* _Aim of the exercise_: Once you find the line that contains "宠物-这位漂亮的美女蛋糕师,让猫咪来为蛋" in the entries below, give it again along with every following line, unchanged, through the final one.

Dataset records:
* * * *

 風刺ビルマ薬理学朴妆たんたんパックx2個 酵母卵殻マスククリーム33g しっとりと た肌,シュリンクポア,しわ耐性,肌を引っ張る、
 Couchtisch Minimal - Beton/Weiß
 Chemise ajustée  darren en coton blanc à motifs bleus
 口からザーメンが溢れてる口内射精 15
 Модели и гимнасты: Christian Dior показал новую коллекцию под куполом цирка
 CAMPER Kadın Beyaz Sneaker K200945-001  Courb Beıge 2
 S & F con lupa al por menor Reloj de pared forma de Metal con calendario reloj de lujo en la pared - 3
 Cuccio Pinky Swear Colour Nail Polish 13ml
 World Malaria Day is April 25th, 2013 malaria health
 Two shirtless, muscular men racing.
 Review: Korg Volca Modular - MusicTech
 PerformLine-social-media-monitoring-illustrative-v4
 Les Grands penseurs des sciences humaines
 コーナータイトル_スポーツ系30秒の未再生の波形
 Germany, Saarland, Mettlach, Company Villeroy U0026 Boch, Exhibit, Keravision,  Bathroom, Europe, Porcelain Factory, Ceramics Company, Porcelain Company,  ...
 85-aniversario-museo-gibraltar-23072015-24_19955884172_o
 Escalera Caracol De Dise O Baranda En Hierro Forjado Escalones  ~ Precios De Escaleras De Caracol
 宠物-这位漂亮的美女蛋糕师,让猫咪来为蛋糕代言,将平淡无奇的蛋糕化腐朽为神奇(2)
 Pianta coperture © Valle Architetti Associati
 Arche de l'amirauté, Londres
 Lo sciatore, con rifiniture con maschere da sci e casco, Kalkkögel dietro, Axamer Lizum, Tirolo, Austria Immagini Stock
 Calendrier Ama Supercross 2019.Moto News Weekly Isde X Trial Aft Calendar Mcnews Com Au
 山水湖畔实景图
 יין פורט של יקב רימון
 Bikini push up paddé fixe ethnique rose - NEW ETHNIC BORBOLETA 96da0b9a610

* * * *

* _Solution for this problem_:
 宠物-这位漂亮的美女蛋糕师,让猫咪来为蛋糕代言,将平淡无奇的蛋糕化腐朽为神奇(2)
 Pianta coperture © Valle Architetti Associati
 Arche de l'amirauté, Londres
 Lo sciatore, con rifiniture con maschere da sci e casco, Kalkkögel dietro, Axamer Lizum, Tirolo, Austria Immagini Stock
 Calendrier Ama Supercross 2019.Moto News Weekly Isde X Trial Aft Calendar Mcnews Com Au
 山水湖畔实景图
 יין פורט של יקב רימון
 Bikini push up paddé fixe ethnique rose - NEW ETHNIC BORBOLETA 96da0b9a610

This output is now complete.